In our previous study [11], CCh stimulation induced the production of DAG and Ca²⁺. Since the inactivation of TRPC5 occurs via PKC-mediated phosphorylation [24], we examined the effect of the PLCβ-DAG-PKC pathway on heteromeric channels. To identify the effect of PKC on heteromeric channels, we stimulated channels by CCh (100 µM) repetitively with or without pretreatment of a PKC inhibitor, GF109203X, or chelerythrine. HEK293 cells were transfected with M₃R, TRPC1, and TRPC4 or TRPC5. To quantify the inactivation, we defined the change ratio of the current at the beginning of CCh application to the currents at the end of CCh application (2 / 1 and 2′ / 1′) as the inactivation ratio (Fig. 3). As a control, CCh was applied repetitively without PKC inhibitors (Supplementary Fig. 2A, B). Both control experiments showed transient current activation by the Gα_q-PLCβ pathway stimulation. The second peak current amplitude evoked by CCh stimulation was not as much as the first peak because the PI(4,5)P₂ resynthesis was insufficient (Supplementary Fig. 2C, D). There was no difference between the first application of CCh and the second application of CCh (Fig. 3C; control panel). With GF109203X, TRPC1α/4β showed a similar tendency of current inactivation as the first CCh stimulation (Fig. 3A), whereas, TRPC1α/5 currents that increased during the second CCh stimulation were reversed completely (Fig. 3B, C, GF109203X panel). Similar results were observed with chelerythrine pretreatment: the inactivation ratio (2 / 1 and 2′ / 1′) was only significantly increased in TRPC1α/5 (Fig. 3C; chelerythrine panel).

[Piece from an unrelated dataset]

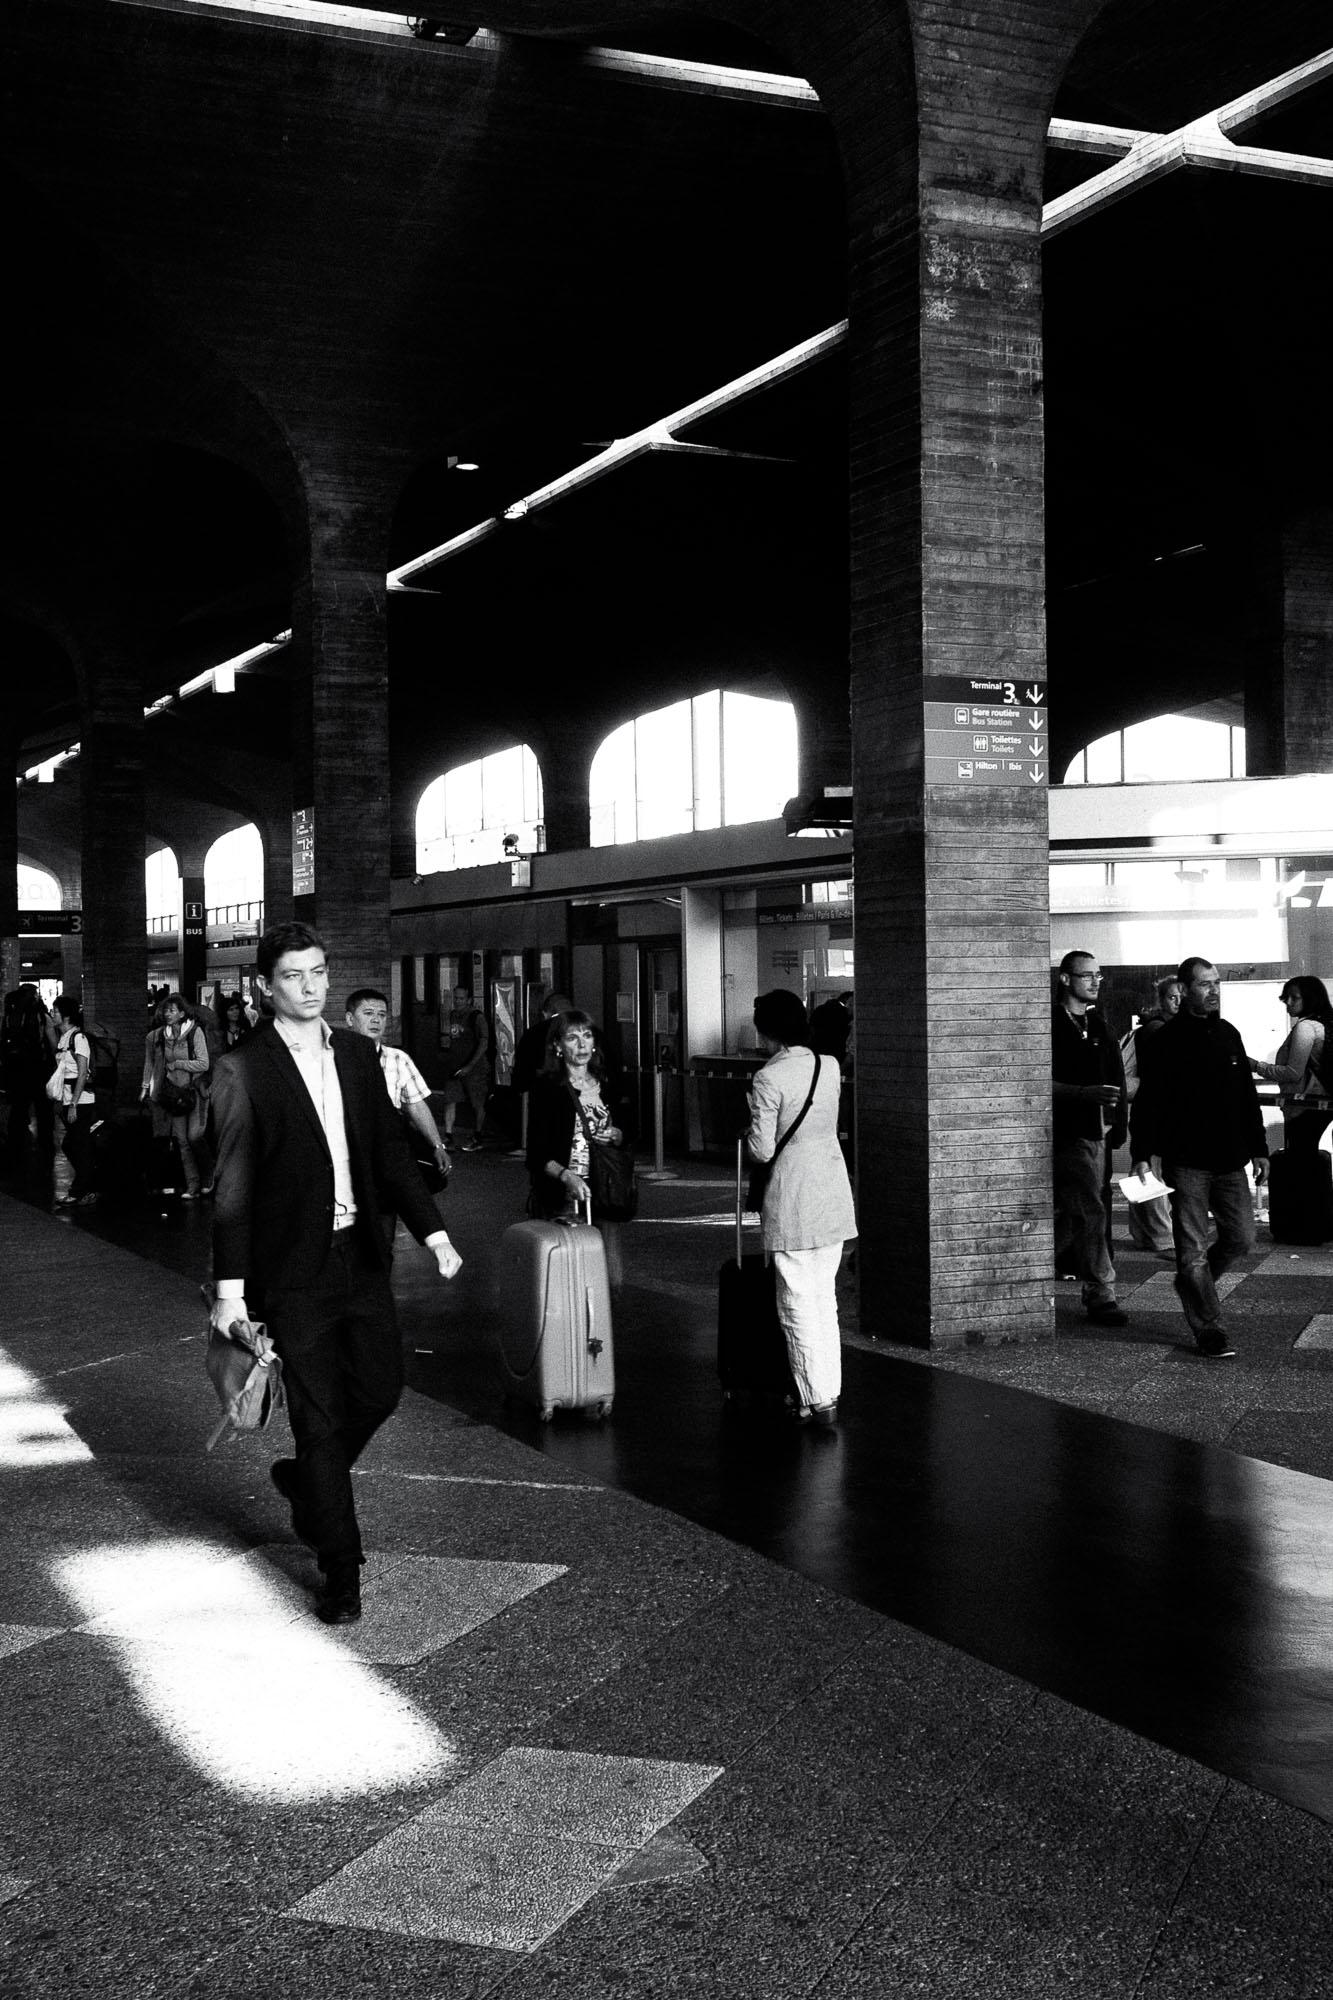 Sven-Michael---S-2013--8-[waiting-for-the-train]---©-Sven-Michael-Golimowski.jpg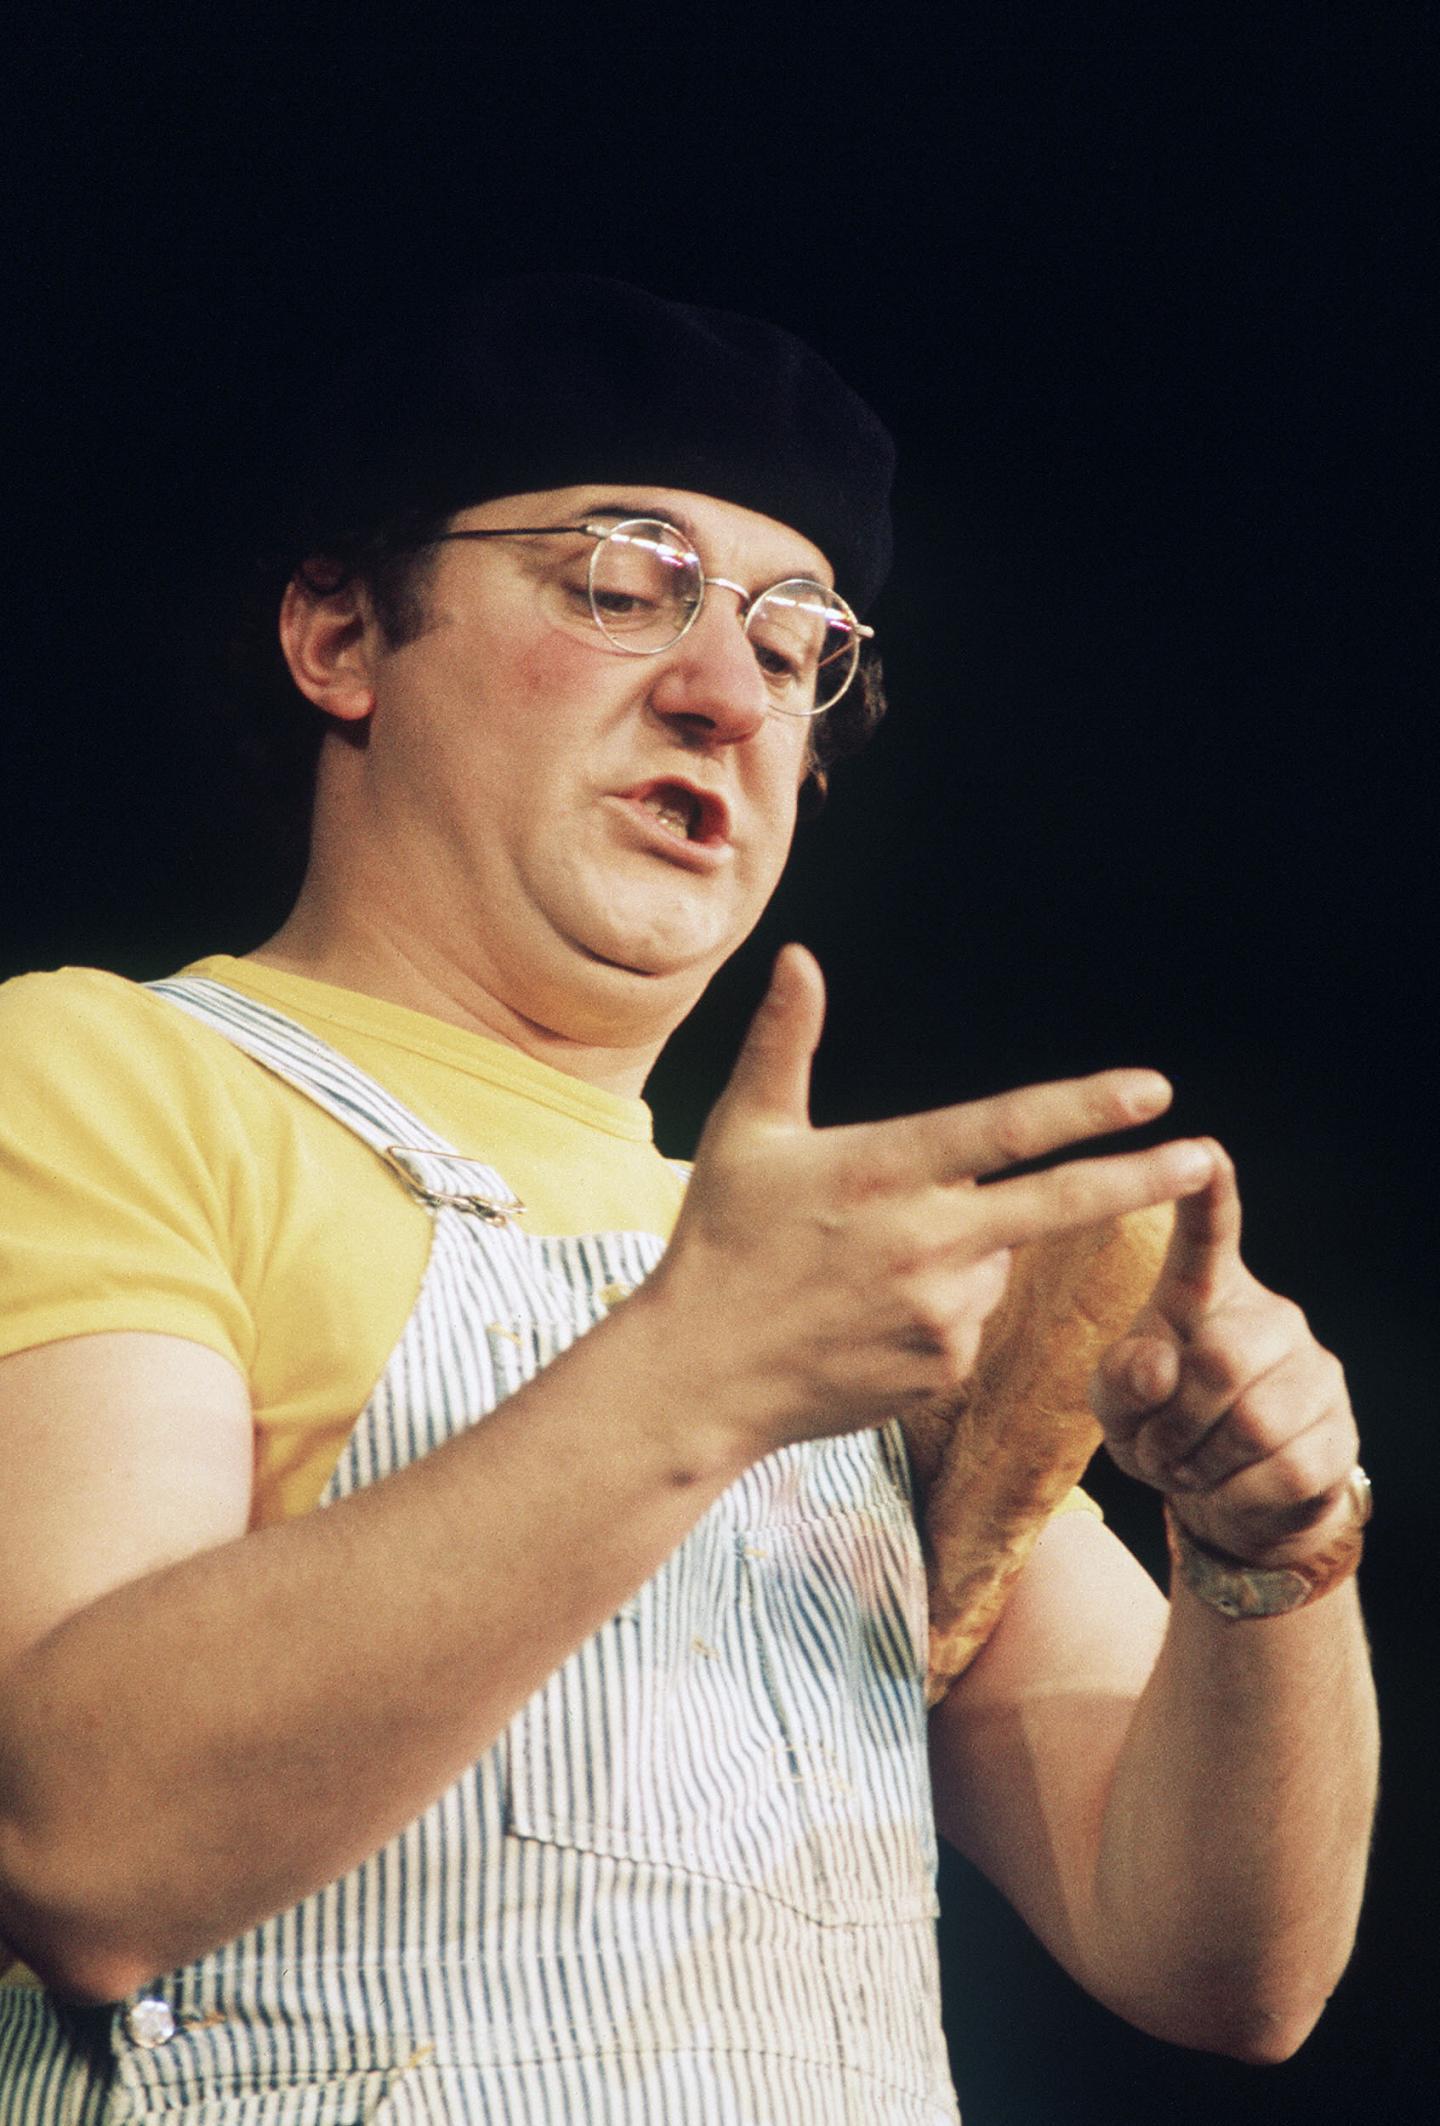 Le chansonnier-fantaisiste Coluche, vêtu de sa traditionnelle salopette rayée sur T-shirt jaune.

Next, we used a PKC-insensitive mutant of channels, TRPC4 (T887A) and TRPC5 (T972A) for further confirmation (Fig. 4) [24]. This mutation did not affect the expression and membrane localization (Supplementary Figs. 3, 4). In the cells transfected with M₃R and heteromeric channels together, we stimulated channels by CCh. Activity change of channel mutants corroborates the previous results. TRPC1α/4β (T887A) showed a similar level of enhancement to that of wild-type (Fig. 3D, E). In contrast, the TRPC1α/5 (T972A) mutant showed a large enhancement in both basal and peak current compared to wildtype TRPC1α/5 (Fig. 3G, H). To identify the tendency of current change depending on time, we normalized the current trace. We also noticed that the inactivation was prolonged in TRPC1α/5 (T972A) (Fig. 3I), but not in TRPCα/4β (T887A) (Fig. 3F). These results suggest the possibility of other downstream molecules of the Gα_q pathway, especially PKC involvement in TRPC1α/5 channel regulation.

Therefore, we also investigated whether the channel responds to direct PKC activation. To induce PI(4,5)P₂ depletion before PKC activation, we used a rapamycin-inducible system. HEK293 cells were transfected with channel subunits, Inp54p and Lyn11. First, we stimulated heteromers with channel agonist, EA. After that, we artificially depleted PI(4,5)P₂ by translocating inp54p to membranes with rapamycin. Then, DAG analog, 1-oleoyl-2-acetyl-sn-glycerol (OAG) was added as a PKC activator. As expected, there was no further current inhibition in TRPC1α/4β after OAG stimulation (Fig. 4A, B), whereas the current amplitude of TRPC1α/5 decreased to the basal level (Fig. 4C, D). All heteromeric channels showed outward rectifying I–V curve with every drug treatment (Fig. 4A, C; left). Collectively, these results suggest that PKC via the PLCβ-DAG pathway inactivates the TRPC1α/5 heteromeric channel.